Action item:
Word for word, restate the lines of the listing from the one that holds "The slimline frame" through the very last line, and nothing more.

The data:
++++++++++

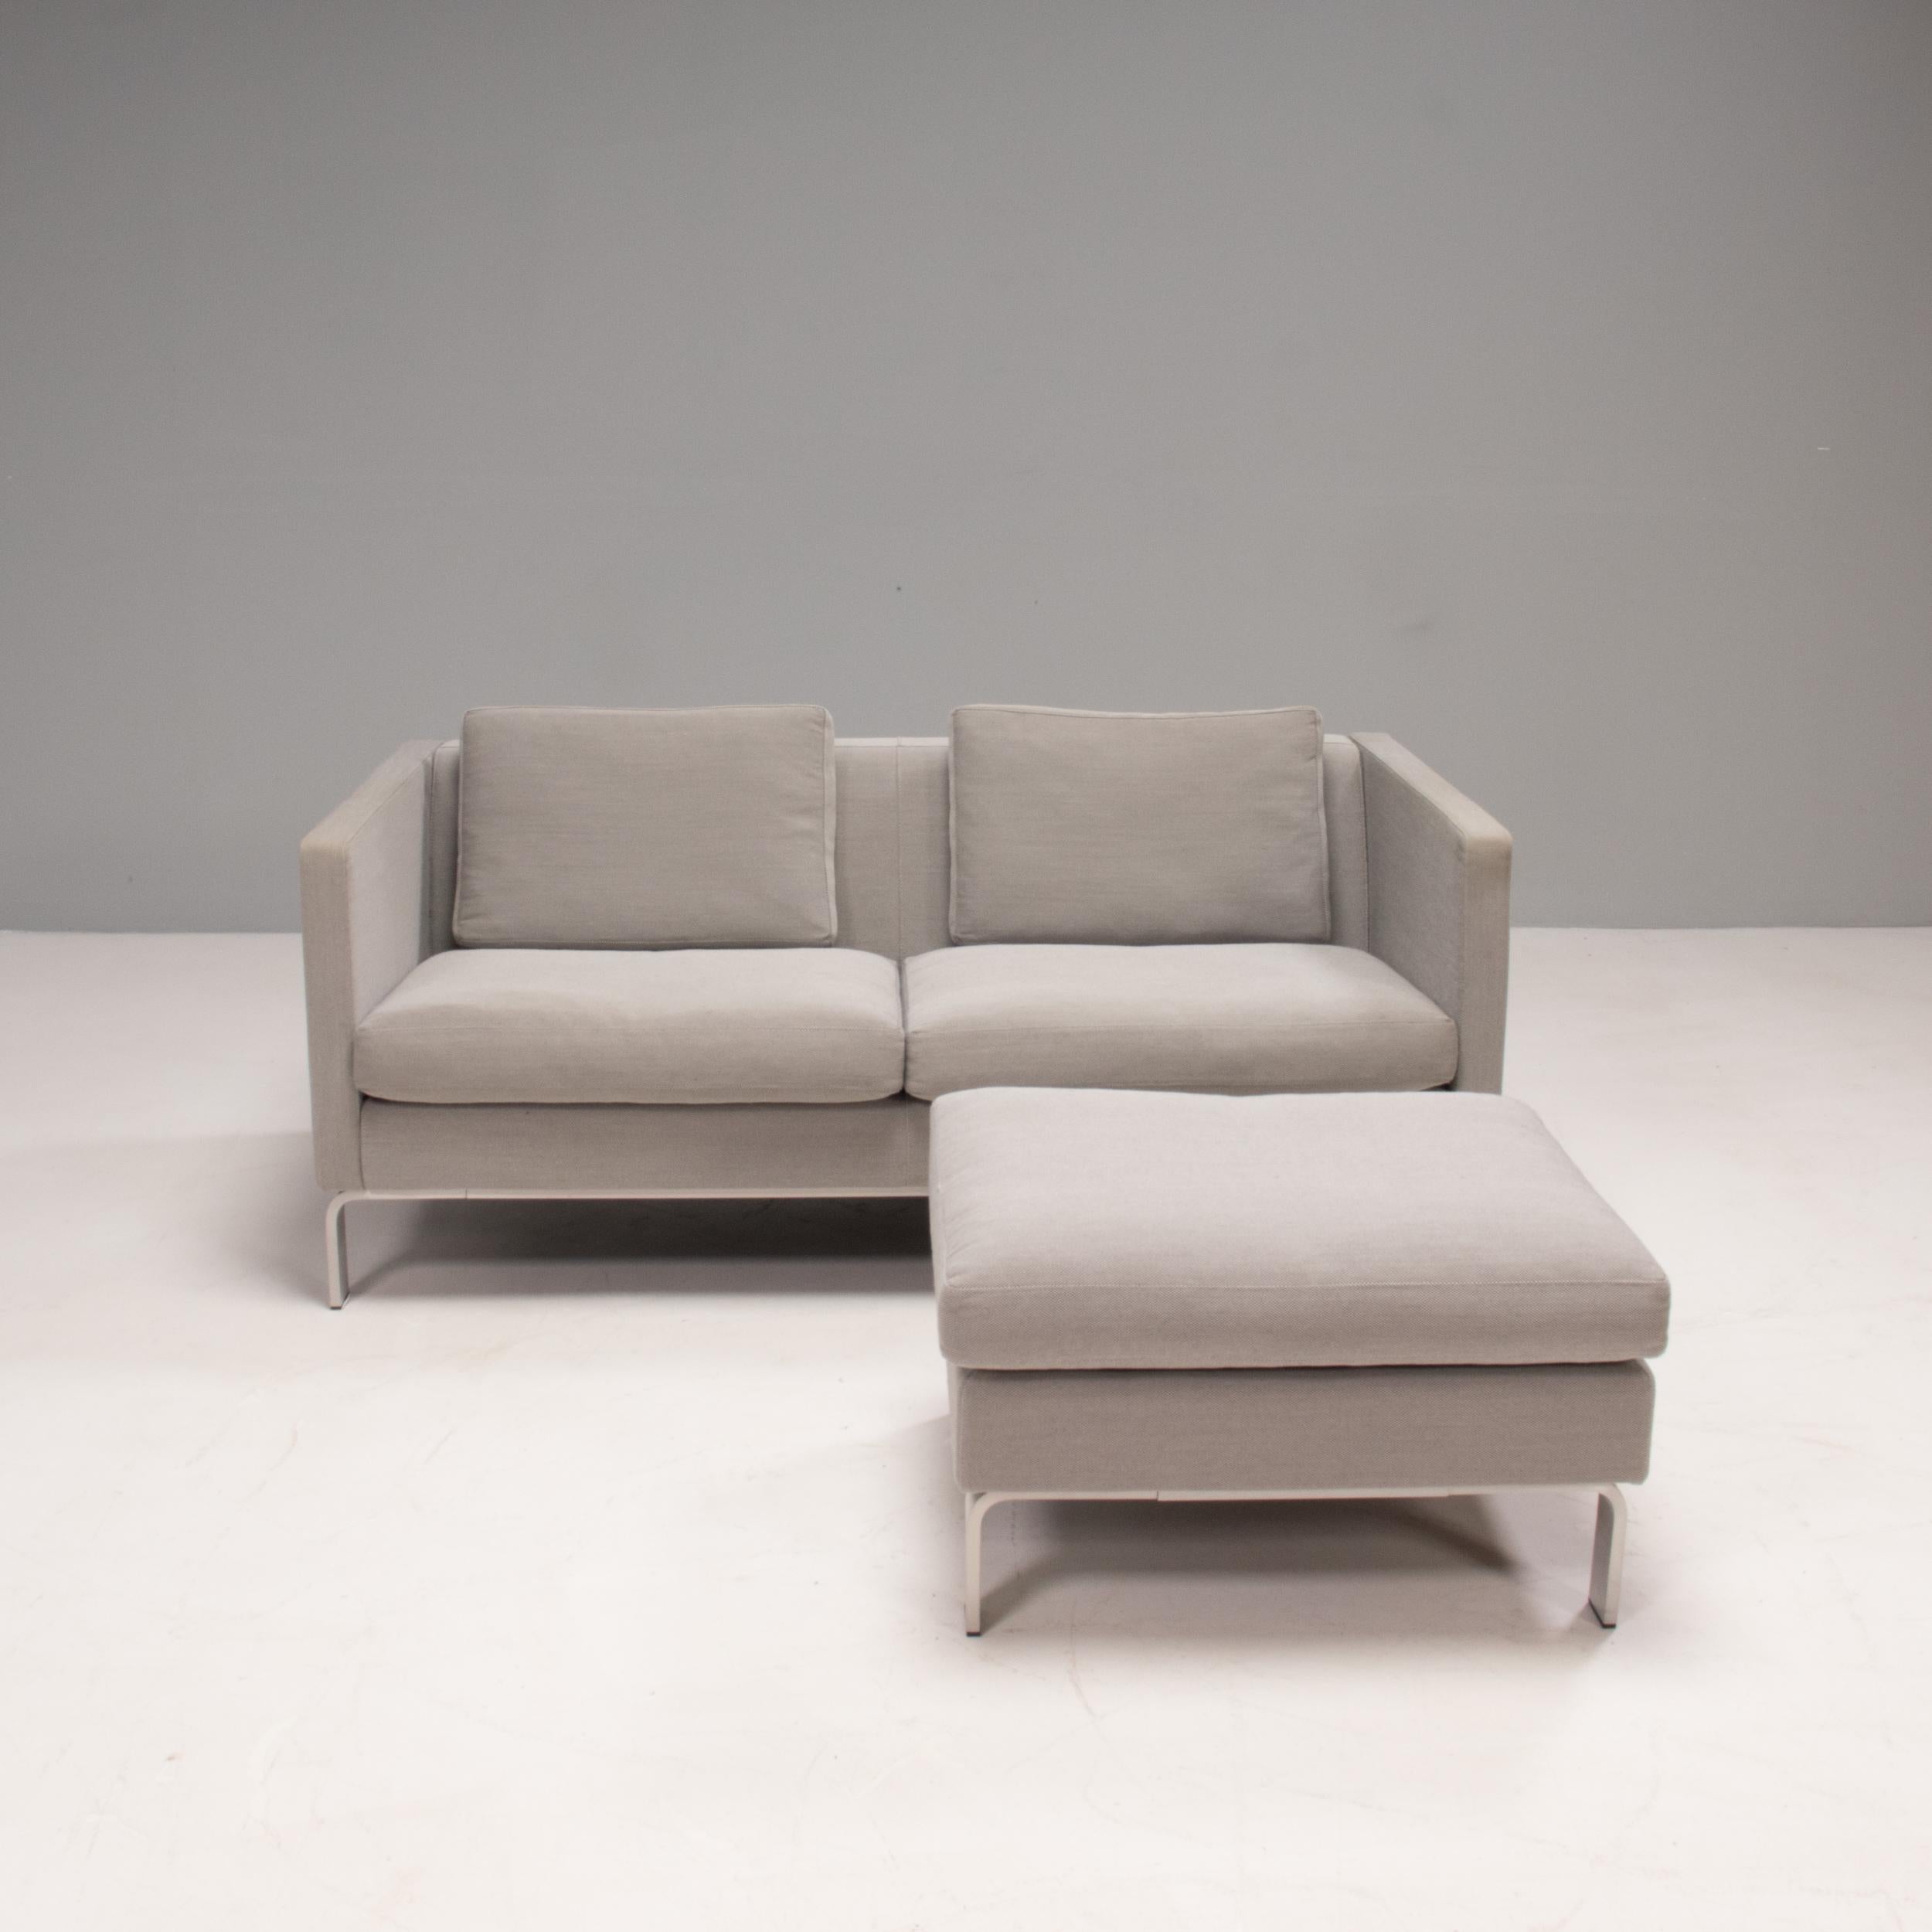 Designed and manufactured by Erik Jørgensen this sofa and footstool is a timeless example of high quality Danish design.

The slimline frame and sleek Silhouette is contrasted by the curved lines of the chrome feet.

Fully upholstered in grey

++++++++++

Your response:
The slimline frame and sleek Silhouette is contrasted by the curved lines of the chrome feet.

Fully upholstered in grey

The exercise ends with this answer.